My Mom Has Cancer
February 2018 was full of amazing things. I celebrated my 30th birthday at the spa with my bestie, submitted our final debt payment, worked my last days at my very first big girl job and finally got back on a mountain!!
It was also one of the scariest months of my life. A fear showed up that I've never known before and a feeling I wish no one would ever have to know. Anger. Straight up pissed-off-ness at God. I dealt with this the best way I knew how. I sat on my deck, cried and wrote. As I revisit that day, tears are rolling off of my face and my nose sounds like I just ate a jalapeno pepper.
A lot of my Saturday mornings start with coffee and Facetime with Mom. This morning was no different. Except it was. I was up at 6, got my tea and sat in my new magical library to journal, pray and read my devotional. I prayed for God’s guidance as I start this new life. I prayed for those affected by infertility. I prayed for Zeb and his family and for a miracle. I prayed that mom’s test results come back with good news.
Samson woke up! I love Saturday mornings. No hurry to be anywhere. We just get to play and hang out a little! Samson was having so much fun playing with balloons and he was being so cute!! So I Facetimed Mom and asked if she’d heard.
Mom: “Not the results I was wanting to hear.”
Mom: “Yes. I have a follow-up appointment in Wichita on March 2nd.”
Me: “I will plan on going.”
What. The. Hell. Is this even real? I kept my shit together while we were still connected on Facetime and we talked about some other stuff. When I hung up, I crawled in bed with Drew and said, “My mom has cancer.”

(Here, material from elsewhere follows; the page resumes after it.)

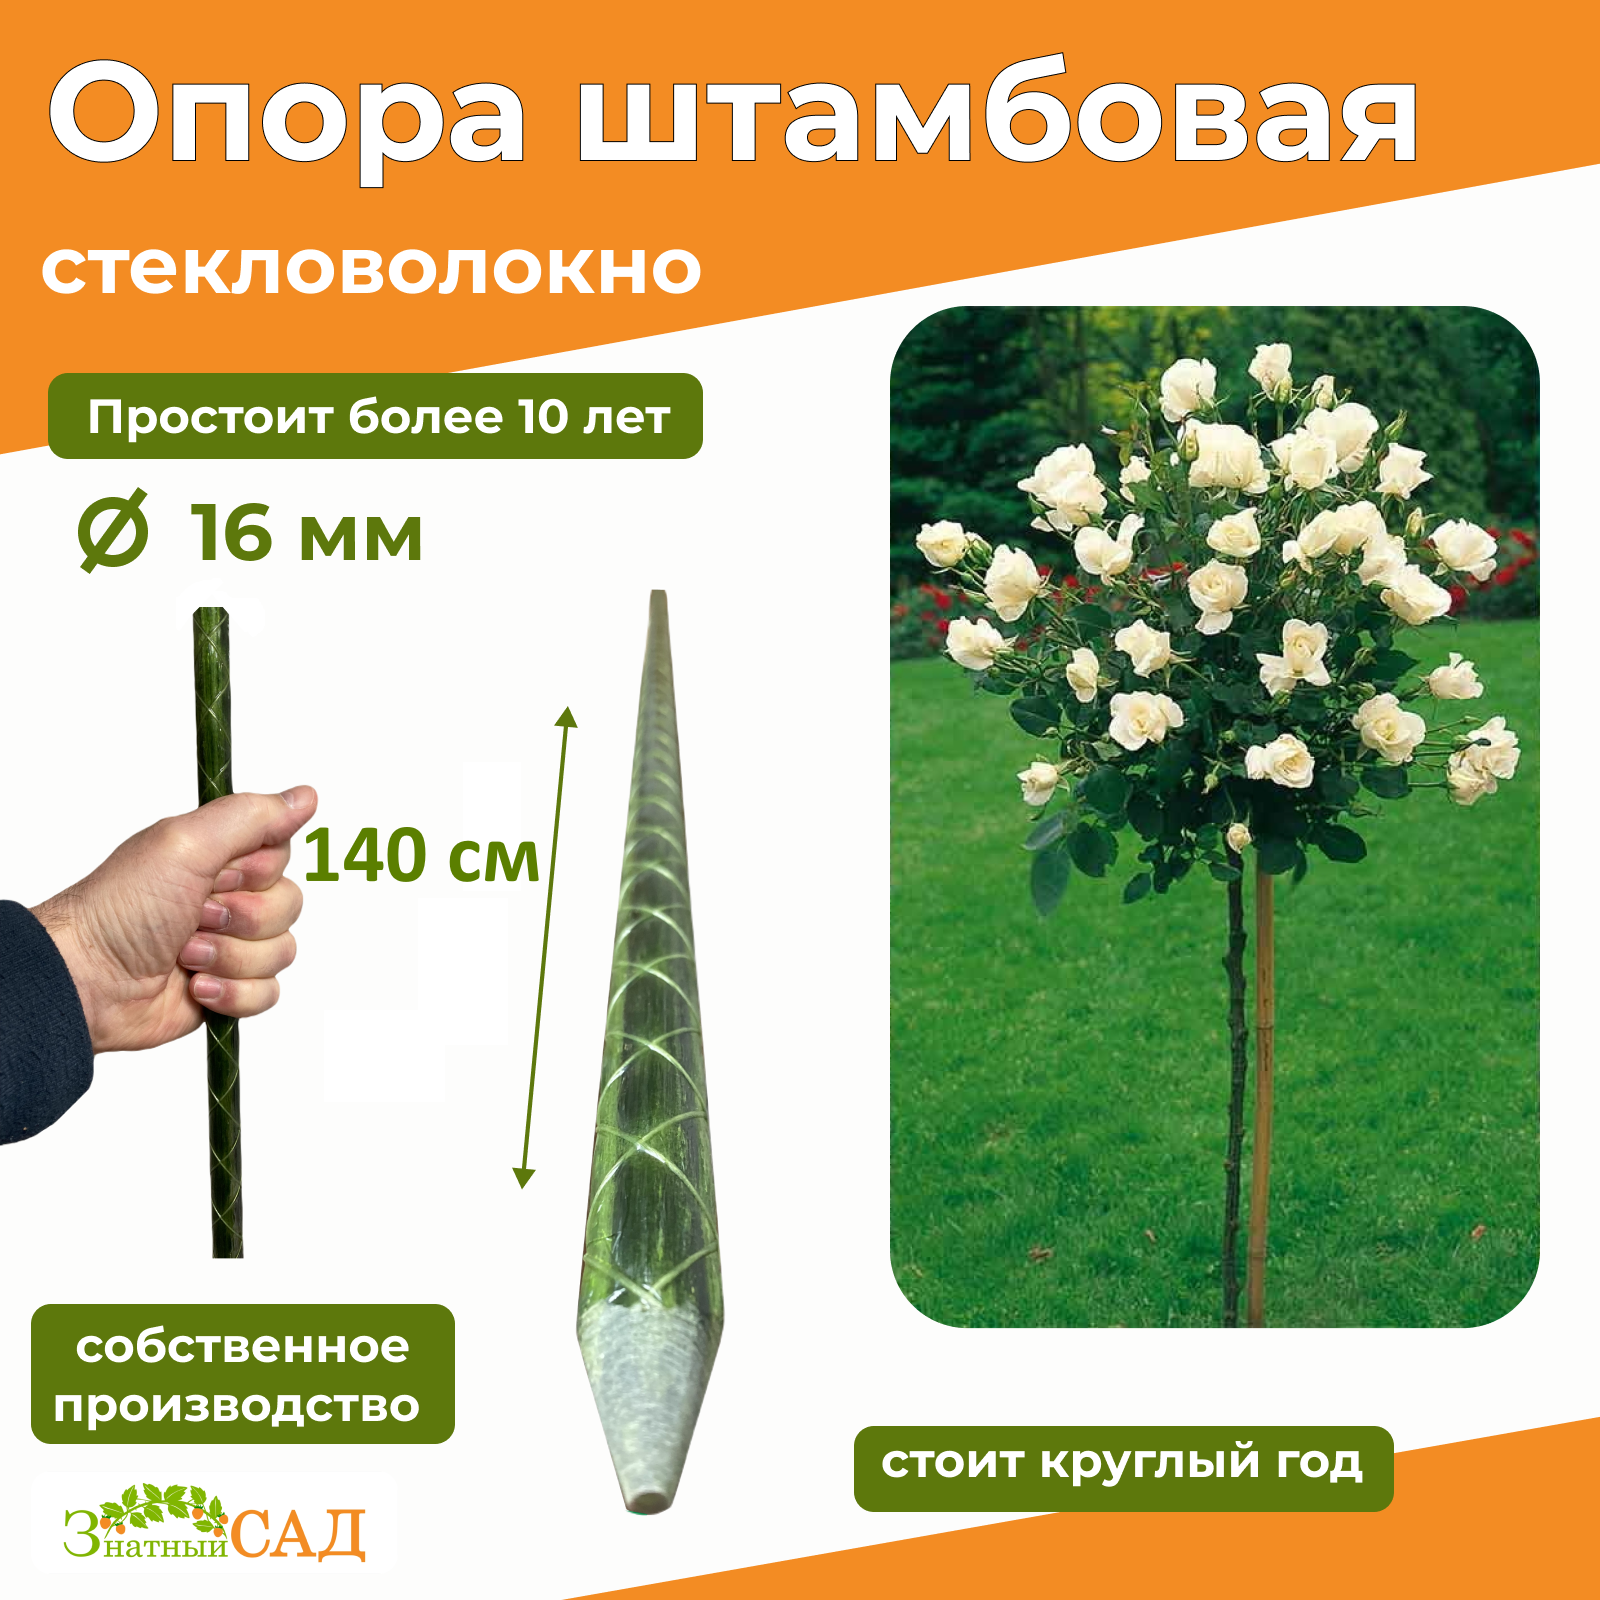 Опора для штамбовых растений "Знатный сад" 14 м/диаметр 16 мм/стекловолокно
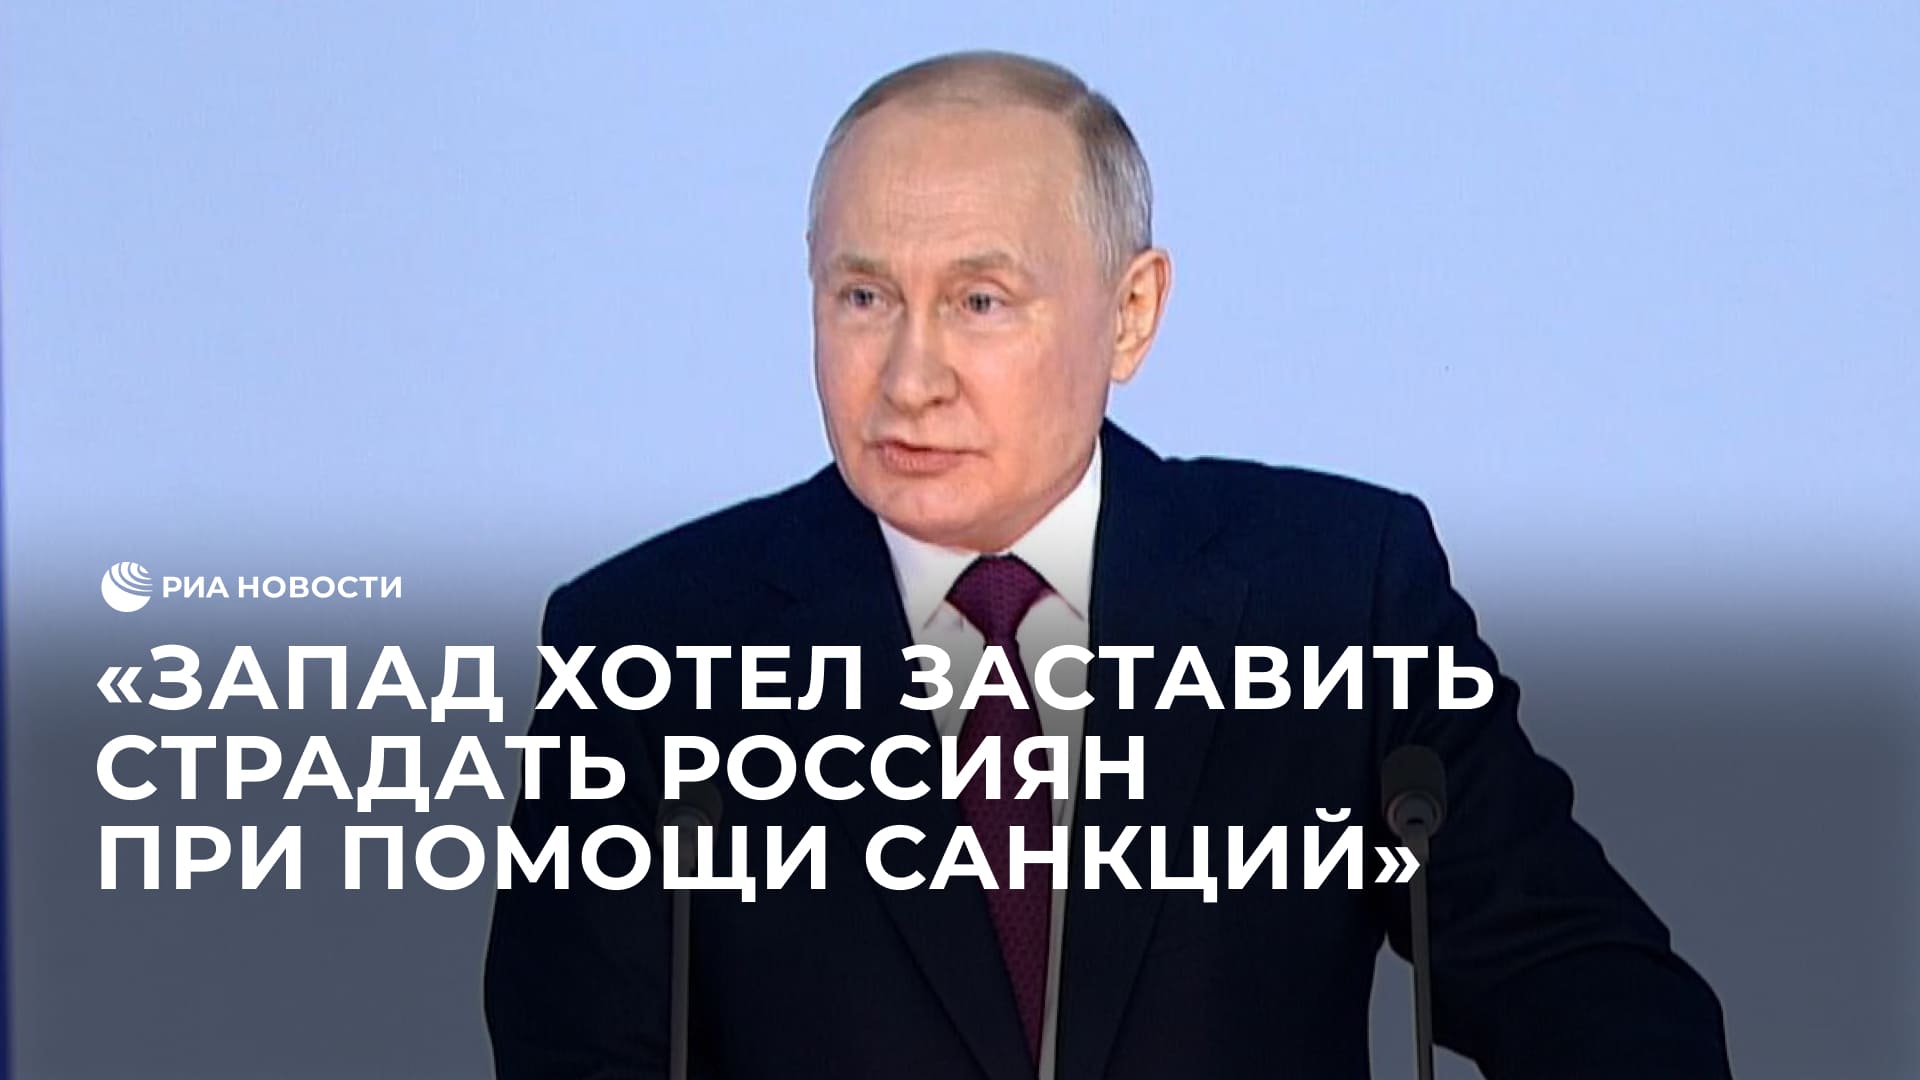 Запад хотел заставить страдать россиян при помощи санкций, заявил Путин

My mom has cancer. That's all we know.
I packed up my stuff and headed over to Glen Elder for my group workout. My first ever Fit Club group workout. This workout wasn’t just a workout, it signified the kickoff to my new life! My new everything! How excited I was!! My mom has cancer?? NO GOD! NOT TODAY! NOT EVER!!!!!!!! THANK YOU!!!
Randy helped me get my computer hooked up. I asked him, “Are you ok, Randy? You seem a little grumpy.” To which he responded, “It’s Saturday and I’m working! I’m always grumpy on Saturday.” To which my mind responded, “Well I just found out that my mom has cancer.” I decided to keep that to myself for fear that I might break down with that snarky comment.
As I set up, I thought I’d put on some upbeat music, but also remembering where I was. A Christian cafe. I was even a little nervous about Christian Hip-Hop thinking it might freak out the elderly patrons of the cafe. I tried 90s Pop Radio. Sorry TLC, had to turn you off. For King & Country Radio? Yep - I’ll try that. As I moved tables and chairs out of the way & got my sign-in/goodie table set up, these lyrics squeezed my heart.
I will. Because it’s all that I can do.
It’s a good thing Shay showed up. Because I was about to fall to my knees in tears. Distraction. Thank the Lord.
Today is the day the Lord has made, let us rejoice and be glad in it.